Amorim João A, Canas Paula M, Tomé Angelo R, Rolo Anabela P, Agostinho Paula, Palmeira Carlos M, Cunha Rodrigo A
CNC - Center for Neuroscience and Cell Biology, University of Coimbra, Portugal.
Department of Life Sciences, Faculty of Sciences and Technology, University of Coimbra, Portugal.
J Alzheimers Dis. 2017;60(2):525-536. doi: 10.3233/JAD-170356.
Mitochondrial dysfunction is proposed to trigger memory deficits and synaptic damage at the onset of Alzheimer's disease (AD). However, it is unknown how mitochondria dysfunction might trigger synaptotoxicity and if a differential susceptibility of mitochondria located in synapses underlies the greater glutamatergic than GABAergic synaptotoxicity in early AD. Hippocampal synaptosomes (purified synapses) of a rat model of early AD, typified by selective memory deficits two weeks after intracerebroventricular injection of amyloid-β peptides (Aβ1-42, 2 nmol), simultaneously displayed three mitochondria-associated deleterious alterations: 1) hampered metabolism (decreased MTT reduction); 2) increased oxygen radical production (increased hydrogen peroxide production); 3) increased caspase-3 activity. The direct exposure of hippocampal synaptosomes to Aβ1-42 (500 nM) similarly decreased mitochondrial membrane potential (TMRM+ fluorescence) and increased mitochondria-derived oxygen radicals (MitoTraker®red-CM-H2Xros fluorescence) in individual glutamatergic (vesicular glutamate transporter-immunopositive) and GABAergic (vesicular GABA transporter-immunopositive) synaptosomes. However, significantly more glutamatergic than GABAergic synaptosomes were endowed with mitochondria (Tom20-immunopositive). These results indicate that dysfunctional mitochondria located in synapses can trigger synaptotoxicity through multifaceted mechanisms and that it is not the susceptibility of mitochondria to Aβ but more likely a different impact of dysfunctional mitochondria that underlies the greater sensitivity to synaptotoxicity of glutamatergic than GABA synapses in early AD.

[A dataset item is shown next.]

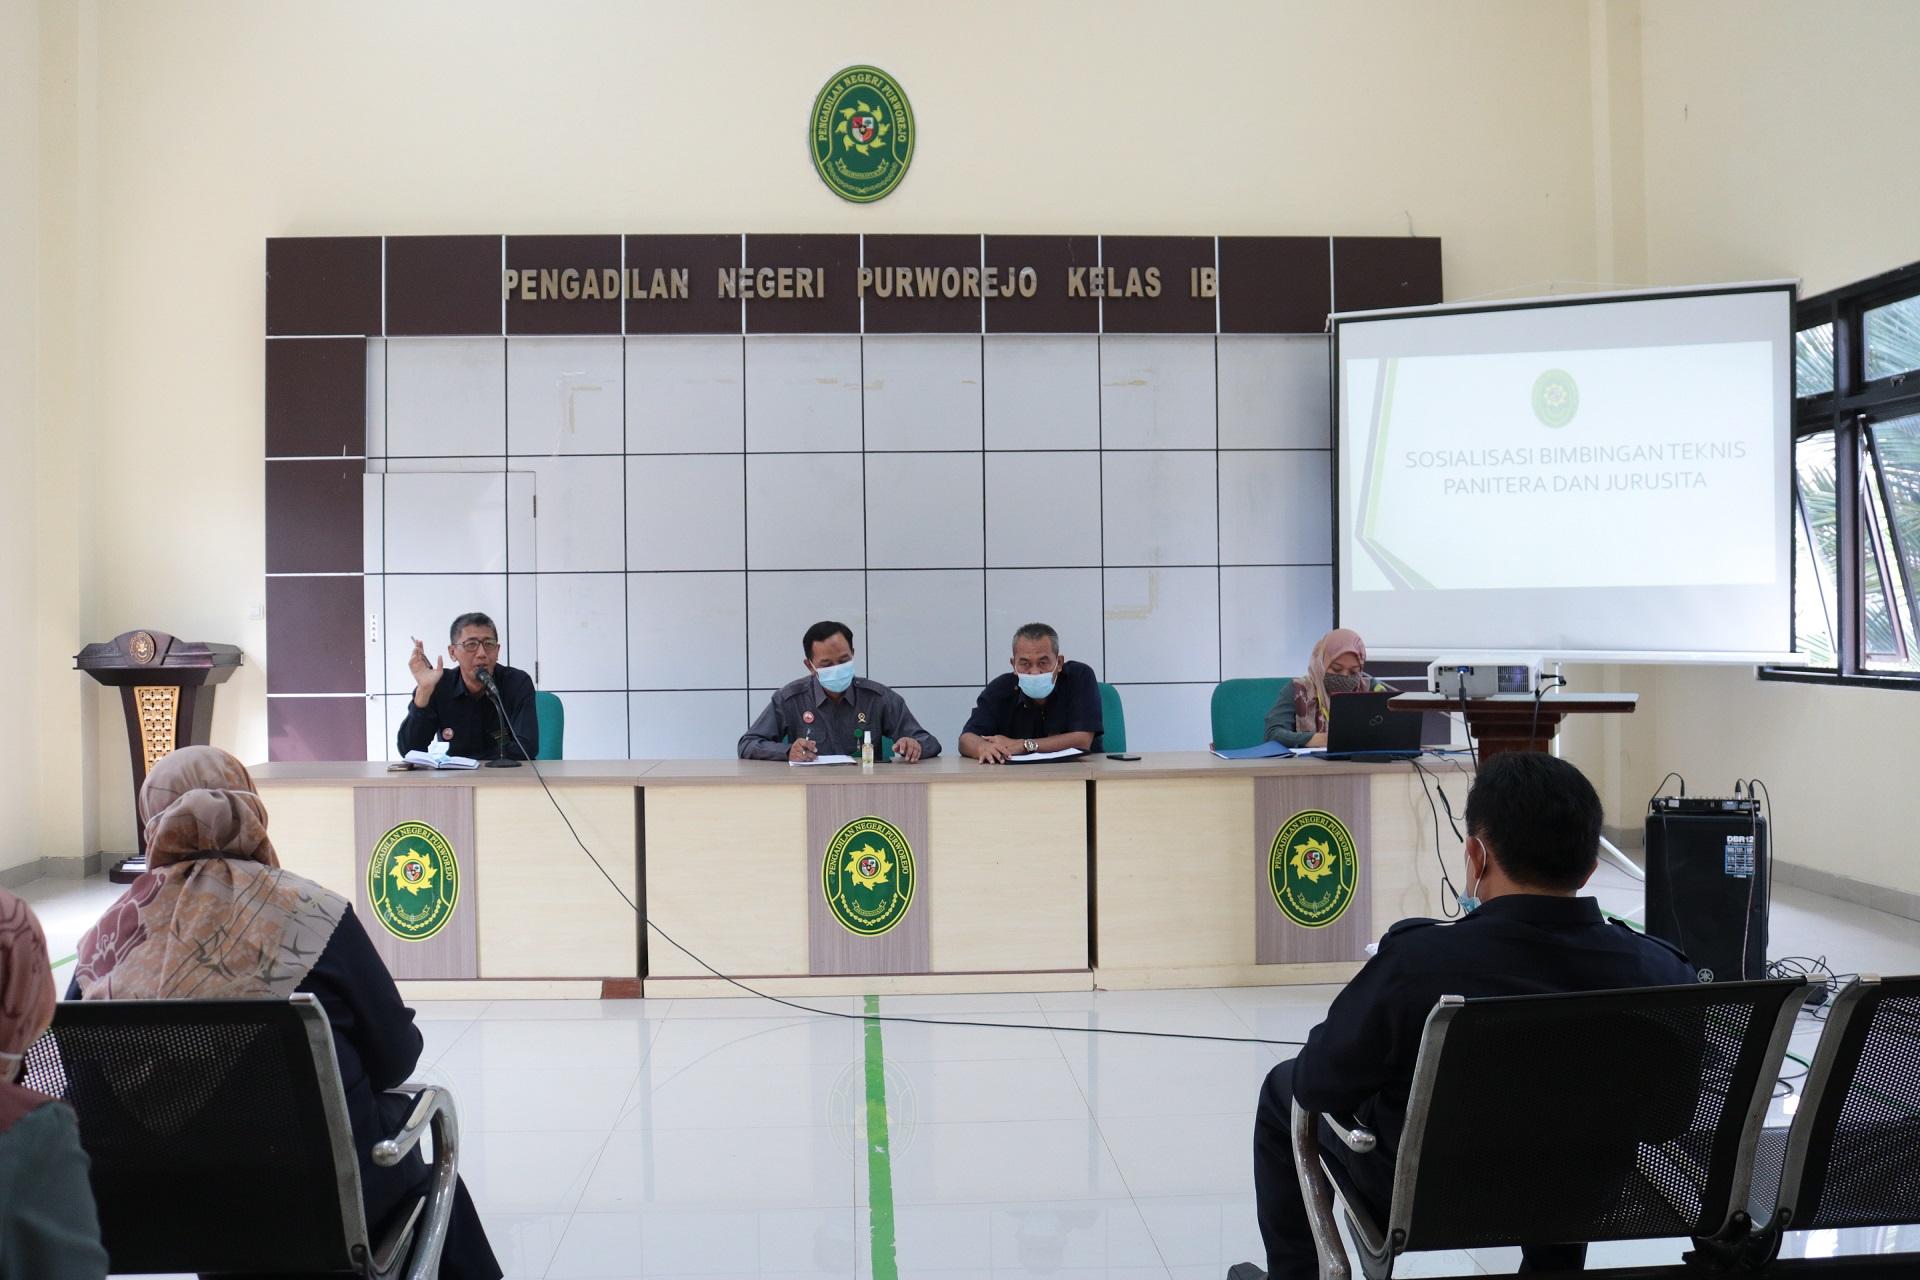 Sosialisasi Bimbingan Teknis Panitera & Jurusita Pengadilan Negeri Purworejo

线粒体功能障碍被认为是在阿尔茨海默病(AD)发病时引发记忆缺陷和突触损伤的原因。然而,尚不清楚线粒体功能障碍如何引发突触毒性,以及早期AD中谷氨酸能突触毒性大于GABA能突触毒性是否是由于突触中线粒体的不同易感性所致。早期AD大鼠模型的海马突触体(纯化的突触),以脑室内注射淀粉样β肽(Aβ1-42,2 nmol)两周后出现选择性记忆缺陷为典型特征,同时表现出三种与线粒体相关的有害改变:1)代谢受阻(MTT还原减少);2)氧自由基产生增加(过氧化氢产生增加);3)caspase-3活性增加。将海马突触体直接暴露于Aβ1-42(500 nM)同样会降低单个谷氨酸能(囊泡谷氨酸转运体免疫阳性)和GABA能(囊泡GABA转运体免疫阳性)突触体中的线粒体膜电位(TMRM+荧光),并增加线粒体衍生的氧自由基(MitoTraker®red-CM-H2Xros荧光)。然而,谷氨酸能突触体中含有线粒体(Tom20免疫阳性)的比例明显高于GABA能突触体。这些结果表明,突触中的功能失调线粒体可通过多方面机制引发突触毒性,并且在早期AD中,谷氨酸能突触对突触毒性的更高敏感性并非源于线粒体对Aβ的易感性,而更可能是功能失调线粒体的不同影响所致。